Ирина Андрос - Белорусский предприниматель в обществе и государстве. Историко-социологический анализ
Вопрос о собственности на средства производства всегда выступает коренным вопросом любой социальной революции. Смысл происходившей перестройки был связан с поворотом экономики к социальным процессам. Поднятая тема хозяина, собственника в итоге актуализировала вопрос о социальной природе формирующегося в стране Советов рынка, которая определялась господствующими в обществе отношениями собственности. По новому перестроечному представлению социалистическая собственность имела очень сложную структуру, включала в себя и государственную собственность, и различные формы кооперативной (как колхозной, так и ее современных, более гибких малых форм), совместные формы государственной и негосударственной собственности. К тому же кооперация в конце 1980-х – начале 1990-х гг. – это не та кооперация, которая была в начале Советской власти, когда собирались индивидуальные кустари (которых было достаточно много) и с помощью объединенных средств вели свое хозяйство. Таких кустарей практически не осталось. Возникли совершенно иные отношения в кооперации, в том числе кооперативные предприятия на базе аренды объектов государственной собственности.

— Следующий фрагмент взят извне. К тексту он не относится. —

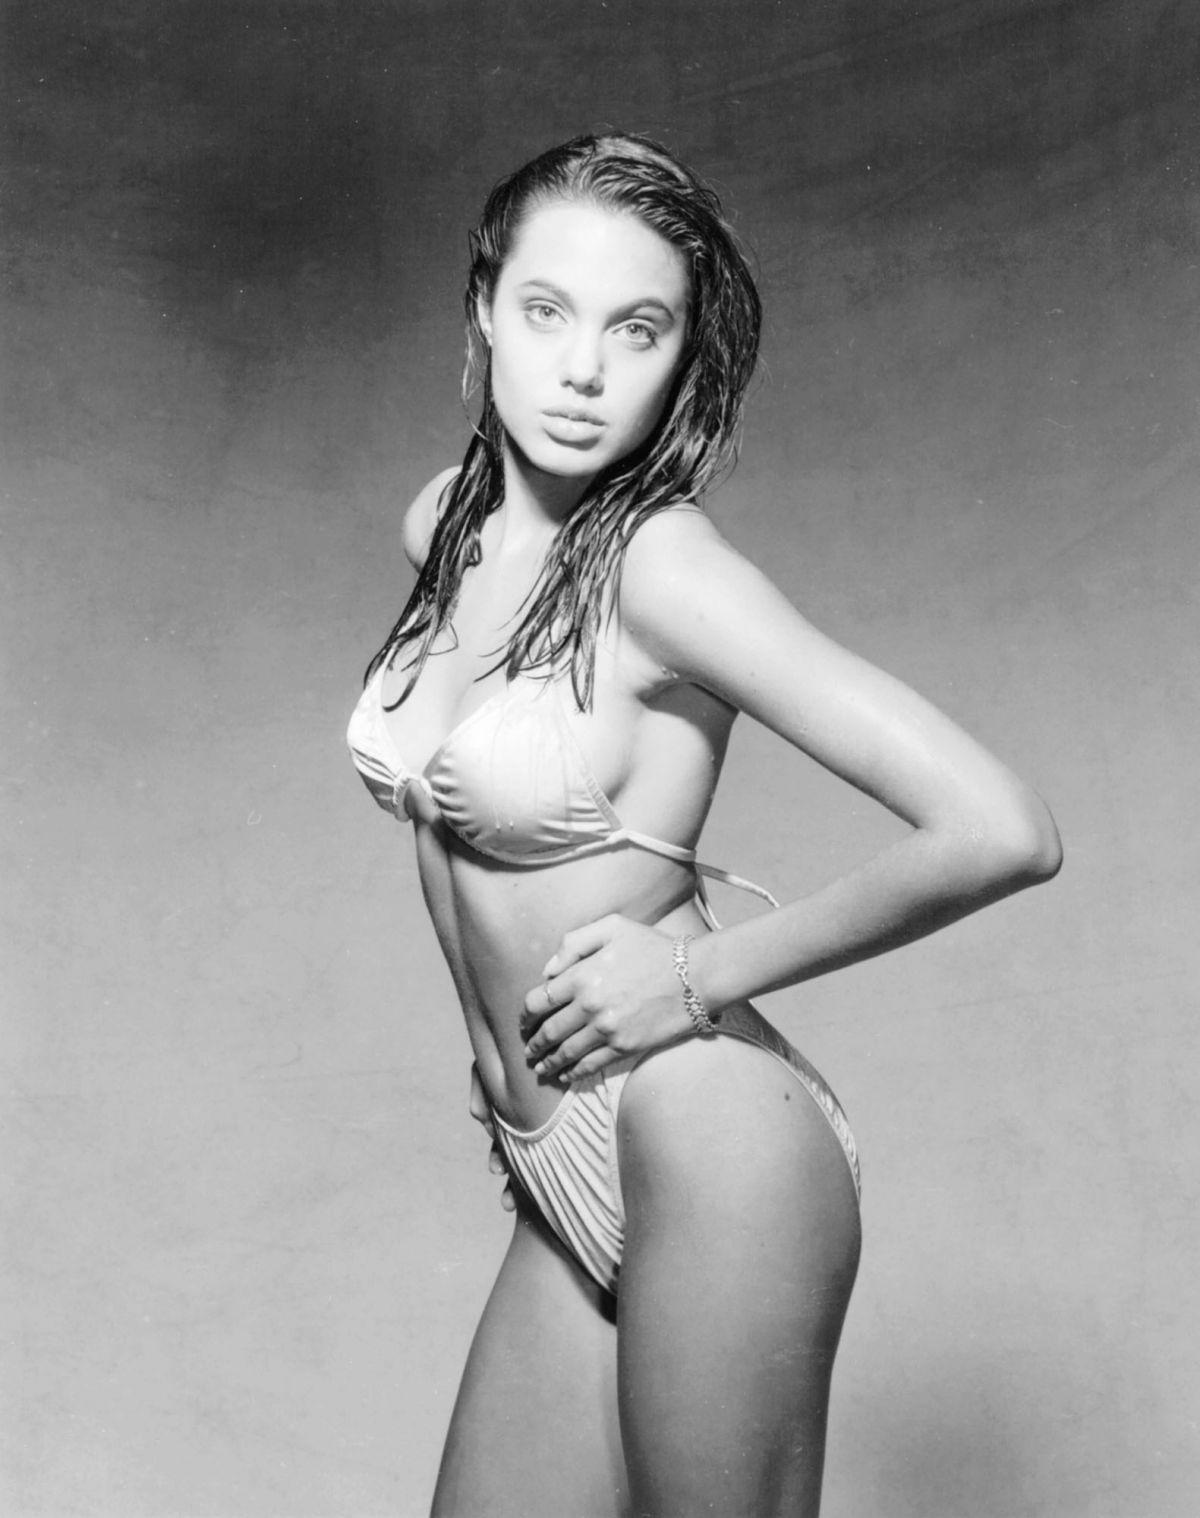 hot naked fucked video punjabi girl

Так в чем же заключалось расширенное понимание социалистической собственности в конце 1980-х гг. в отличие от того, что было записано в официальных документах 1965 г.? В печатных органах массовой информации перестроечных лет можно было прочитать, что в Законе о предприятии впервые появляется статья о том, что государство не отвечает за долги предприятия, а предприятие не отвечает за долги государства.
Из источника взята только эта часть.